- **INFORMATION SUPPLIED**:
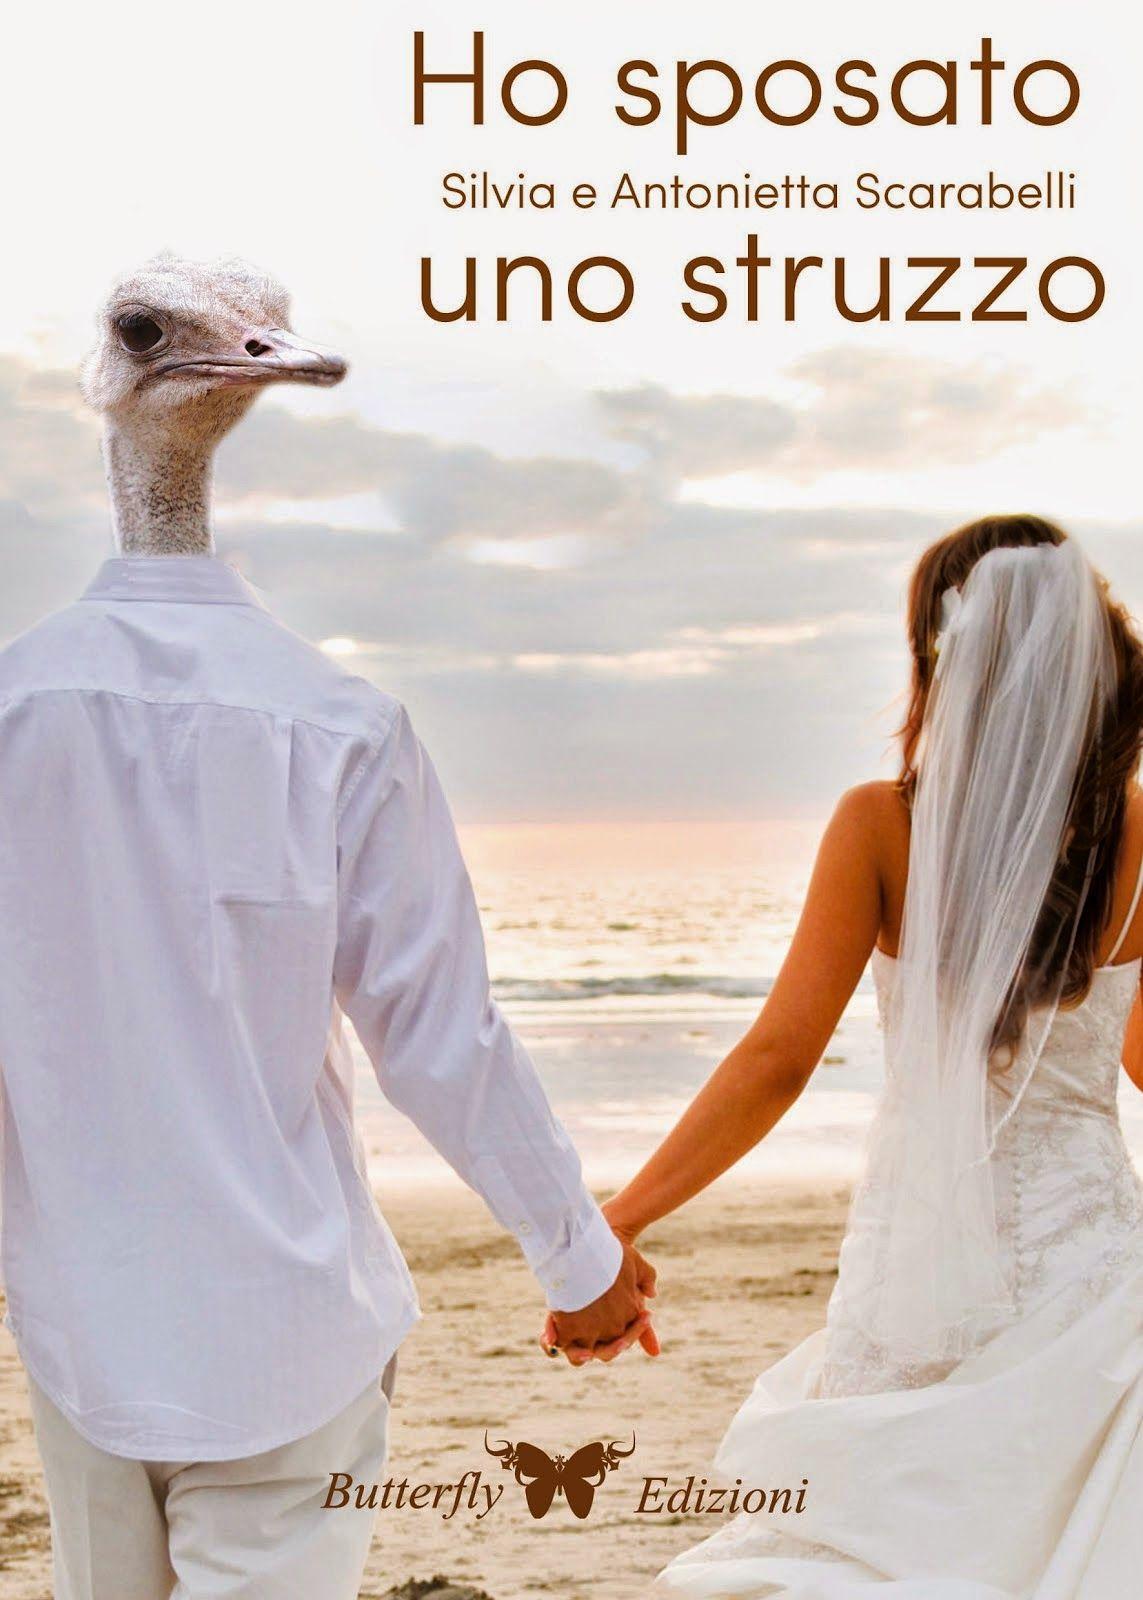 Recensione - HO SPOSATO UNO STRUZZO di Silvia e Antonietta Scarabelli http://lindabertasi.blogspot.it/2014/06/ho-sposato-uno-struzzo-di-silvia-e.html
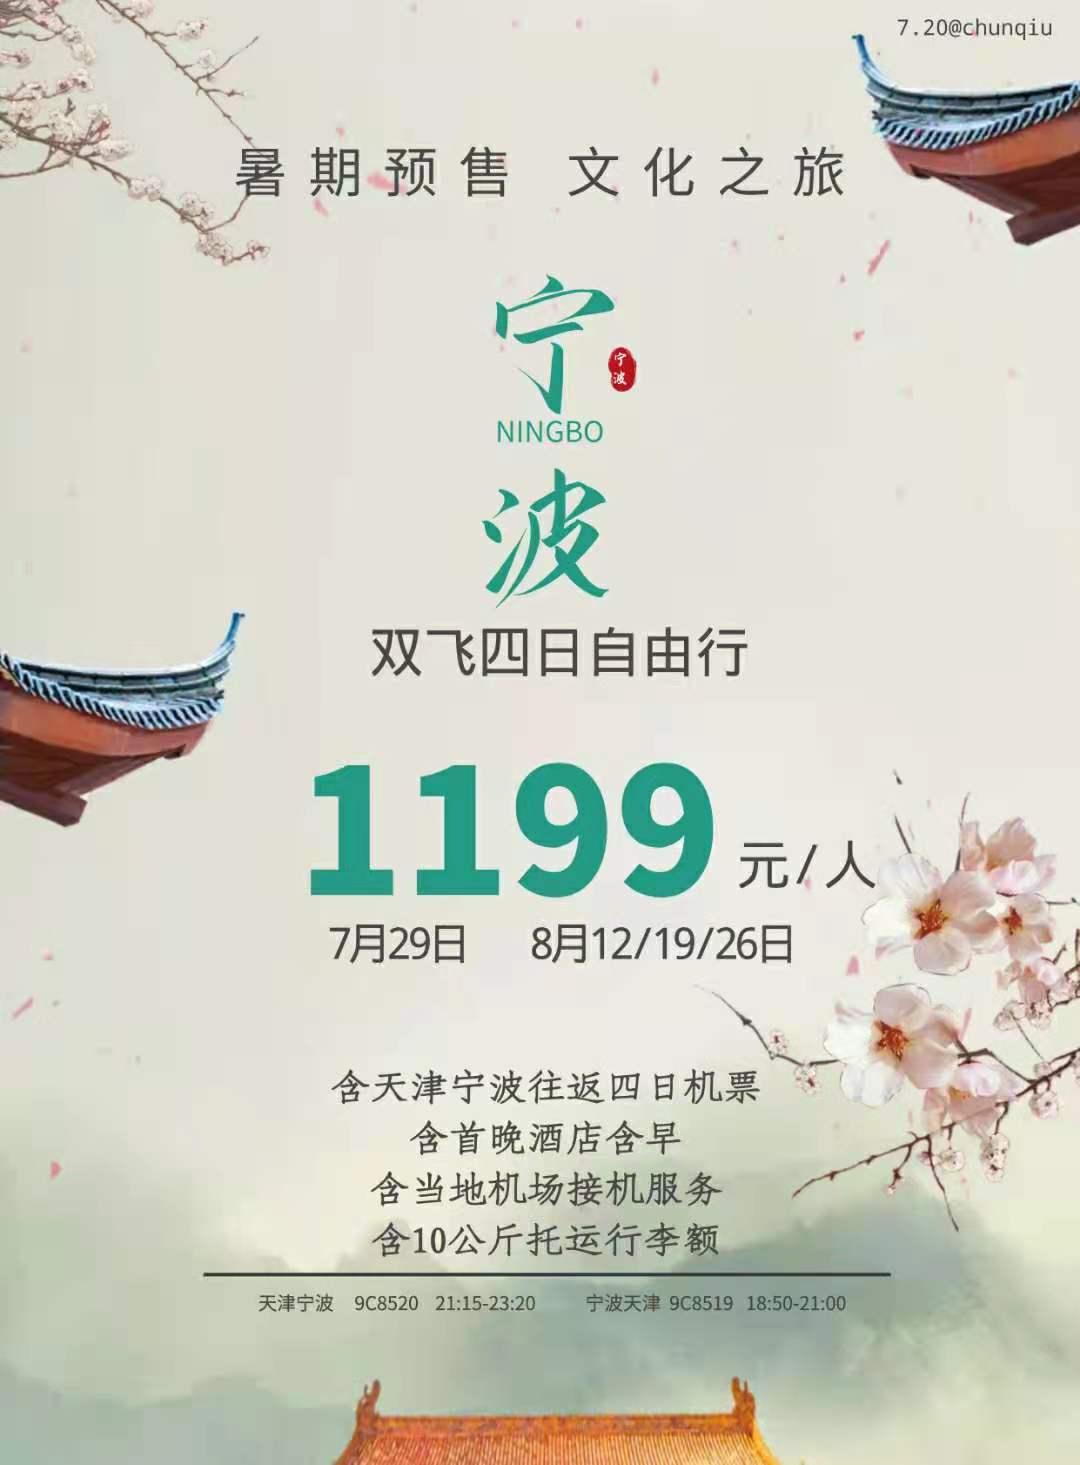 宁波文化之旅
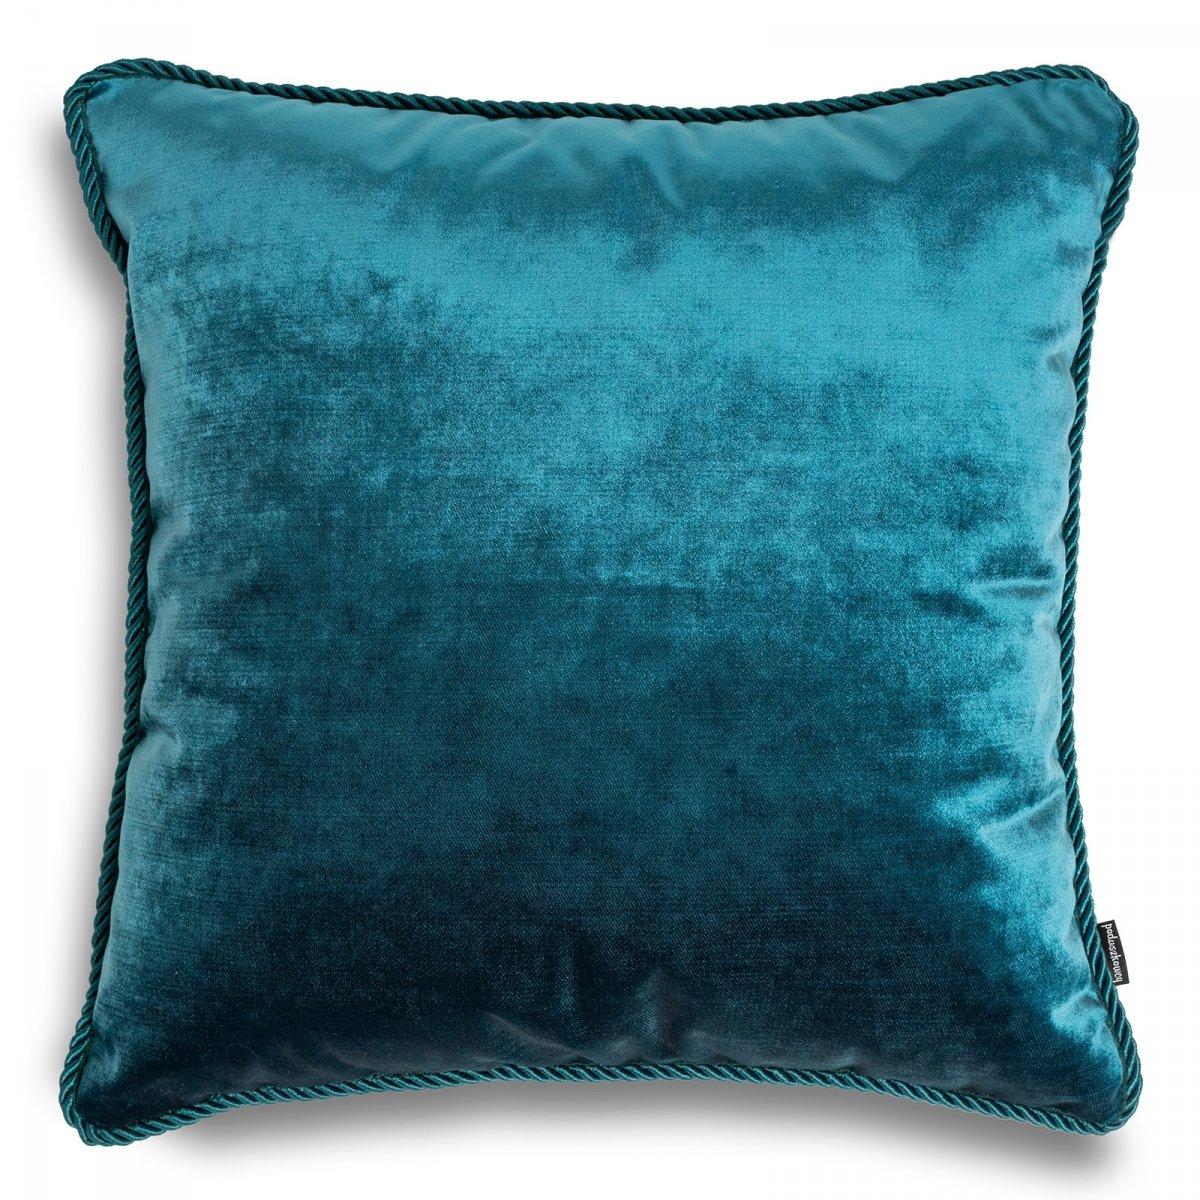 Morska poduszka dekoracyjna Glamour
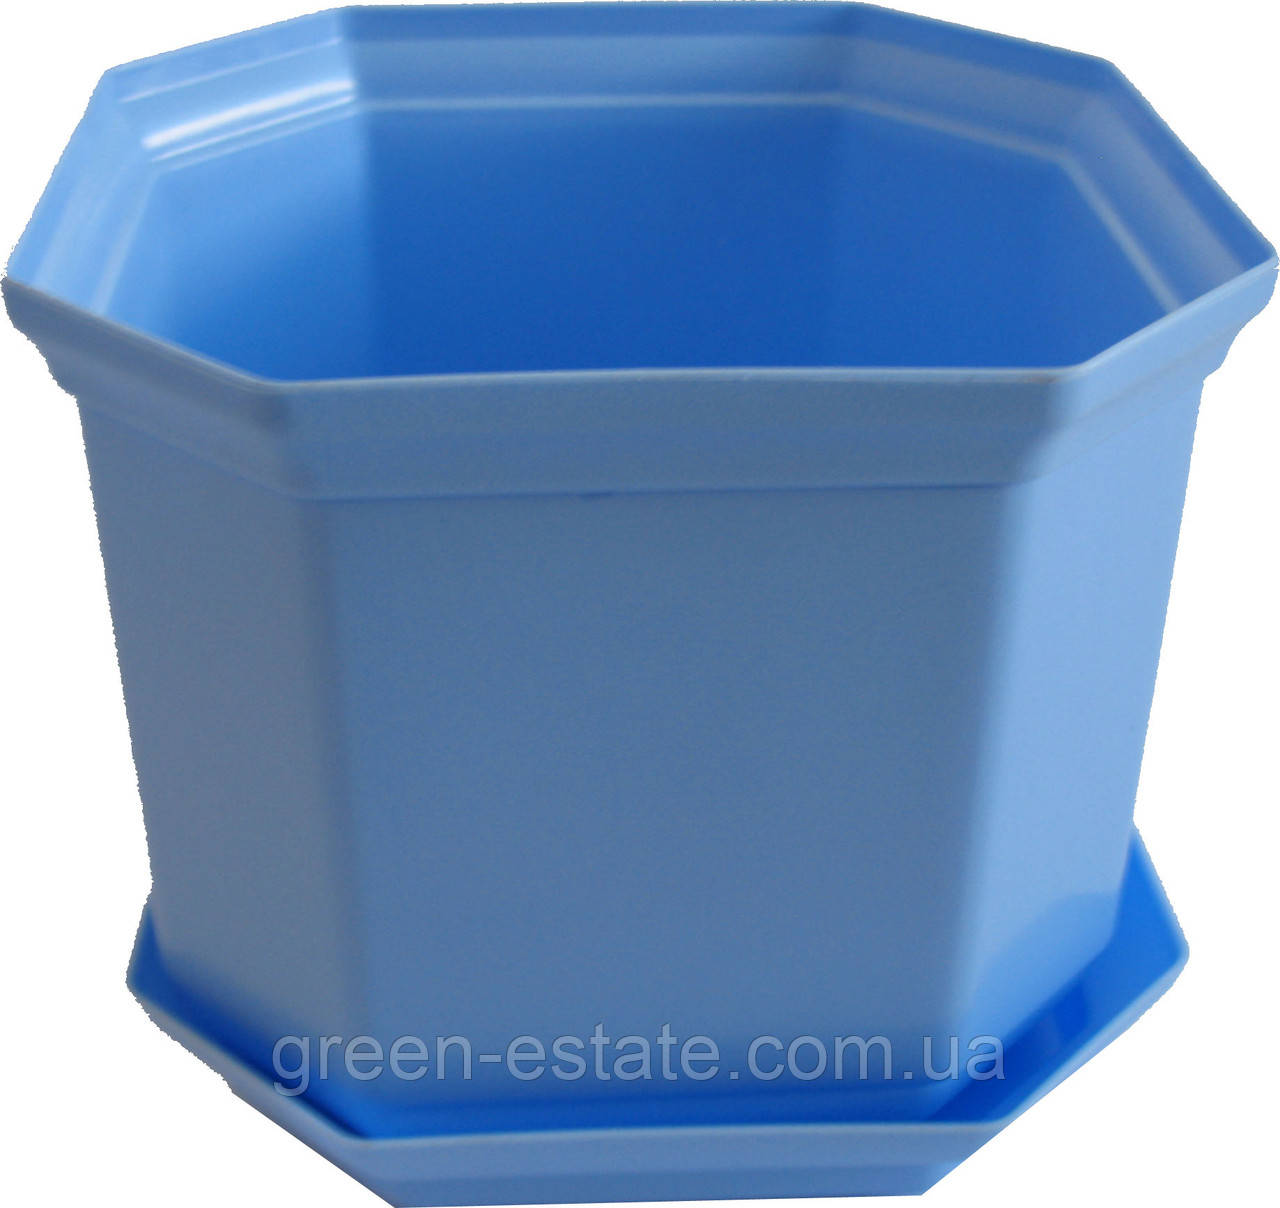 Вазон Дама 12 1,0 л синий

- **WORK TO COMPLETE**:
Word for word and without any pictures, return all of the lines above.

- **RESPONSE TO THE TASK**:
 Recensione - HO SPOSATO UNO STRUZZO di Silvia e Antonietta Scarabelli http://lindabertasi.blogspot.it/2014/06/ho-sposato-uno-struzzo-di-silvia-e.html
 宁波文化之旅
 Morska poduszka dekoracyjna Glamour
 Вазон Дама 12 1,0 л синий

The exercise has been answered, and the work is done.